/PersonalizationProject

Repository for our recommendation system for Personalization Theory.

Primary LanguageJupyter Notebook

Last.fm Recommender System

We chose to investigate the Last.fm data set using a temporal collaborative filtering model. Specifically, we want to investigate the effect that time of day and weekday has on the users' listening habits. Our objective is to reduce the number of times a user will skip the song. Because we are using skips as a proxy for a users' enjoyment of the song, we do not need to rely on explicit feedback, such as the users' song ratings. In addition, since consumer preferences change over time, we do not account for how long it has been since a user has rated a song. Skips occur in the present so we can ignore this recency factor.

The Data

Last.fm data set contains:

  • Listening habits for 992 users
  • 173,921 artists with timestamped entries
  • Metafile containing user profiles (e.g., gender, age, country and signup date).

The dataset can be found through this link. The data was collected by Òscar Celma.

The dataset records users’ listening history without recording explicit feedback on artist and track pairs. As there is no input from a user on whether they liked or disliked a track, we initially treat the data as an indication of positive preference. This will be expanded to include skips for the full recommender system.

A preview of the data is shown here, with the leftmost column as the Pandas index: Data Preview

The following is the play counts for the entire data set, grouped by hour of the day (left) and day of the week (right): Play Counts by hour of day and day of week

Part I

Objective

We were interested in learning how neighborhood- and model-based collaborative filtering (CF) algorithms perform on aggregated data. These CF approaches help us understand how an improved recommendation engine can drive increased user engagement within a music platform. We then utilized timestamps for the final project along with other metadata to improve the quality of our recommendations.

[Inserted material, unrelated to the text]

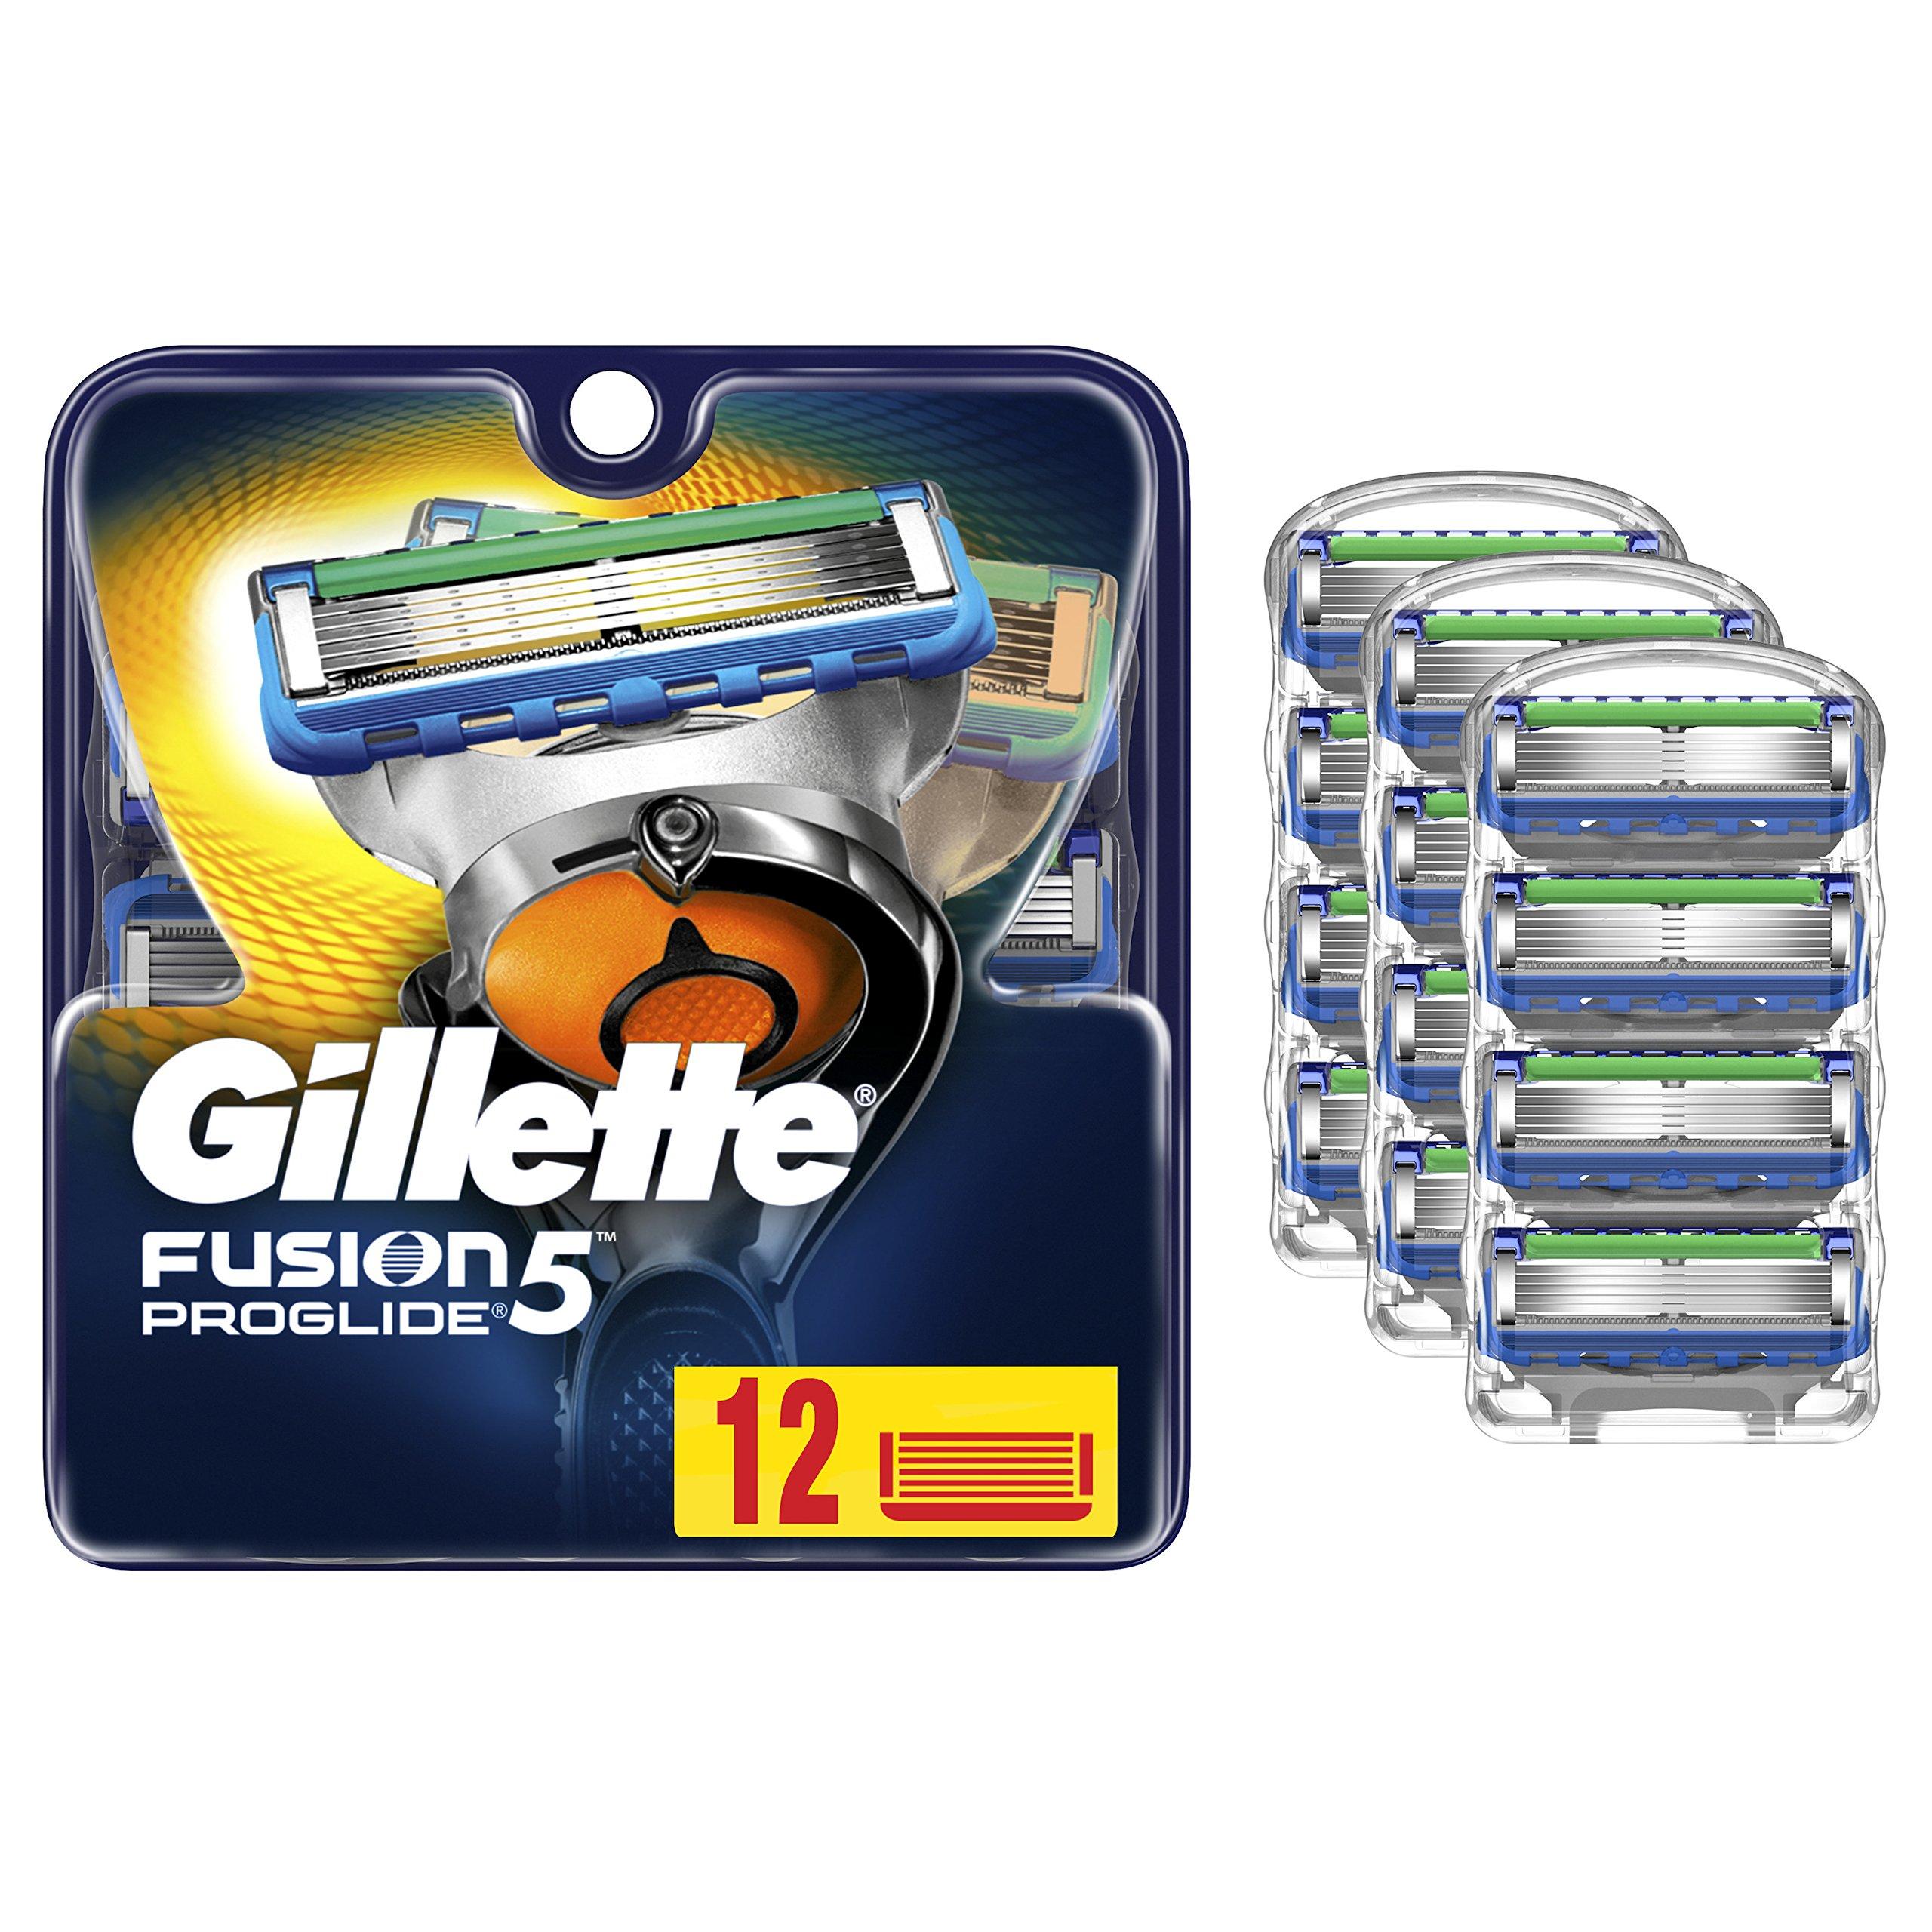 Gillette Fusion5 ProGlide Men's Razor Blades, 12 Blade Refills by Gillette (Image #7)

Models: Neighborhood Collaborative Filtering and SVD

We implemented a neighborhood based collaorative filtering technique for our user-based CF and implemented the SVD algorithm as our model-based CF. With these two models we predicted values indicating whether a user would listen to a particular artist. For more information, please read Part I Detailed Analysis.

Conclusion

The neighborhood-based collaborative filter results in a better RMSE at higher values of K, but does not bring MAE to a competitive level when compared to the baseline model. On the other hand, the SVD model-based collaborative filter outperforms the baseline at almost every comparison. Our results suggest that the SVD model would be more effective at predicting user preferences. We believe this model would be helpful for a draft recommender system.

Part II

Objective

We incorporated timestamp to further clarify users’ preferences for artists and tracks. Based on these data points, we have derived a skips parameter. This parameter indicates whether the user skipped a song (i.e. clicked next in the Last.fm platform). The information from predicted skip values could help us answer questions such as:

  • Can music recommendation be improved by incorporating skips?
  • Can we use timestamps and skips to identify the user’s mood in a given time period (i.e., genre preference given a certain time of day)?
  • After how many times of listening to a track is a user more likely to start skipping the track?

Model: Neural Network and SVD++ Ensemble

We used a hybrid approach, combining a neural network and a temporal SVD++ model. The neural network incorporates recency into the model, identifying how user preferences shift over the duration of their listening history. The SVD++ model incorporates periodicity, identifying whether a user is listening to a song during the week or over the weekend. The SVD++ model also brings in a collaborative filtering component, identifying similarities between user-song pairs in the latent space to predict probability of skipping a song a user has not listened to before. We created the ensemble through a linear combination of these two models, with 90% SVD++ and 10% Neural Network. For more information, please read Part II Detailed Analysis.

Conclusion

The neural network trains in a matter of minutes with a multitude of features, while the SVD++ model required several hours to train with only two features. Nevertheless, our SVD++ model significantly outpeformed the neural network. As a result, we weighted the SVD model as 90% of our combined linear ensemble and gave 10% weights to the neural network. The AUC from the ensemble, 0.812, is marginally higher than the SVD++ model alone AUC, 0.807. The ensemble is significantly higher than the neural network AUC, 0.679. The benchmark AUC is 0.759, obtained using the percentage of song-skips per user. An AUC of 0.81 suggests that the ensemble model beats the benchmark and we can leverage it for music recommendations in a commercial setting.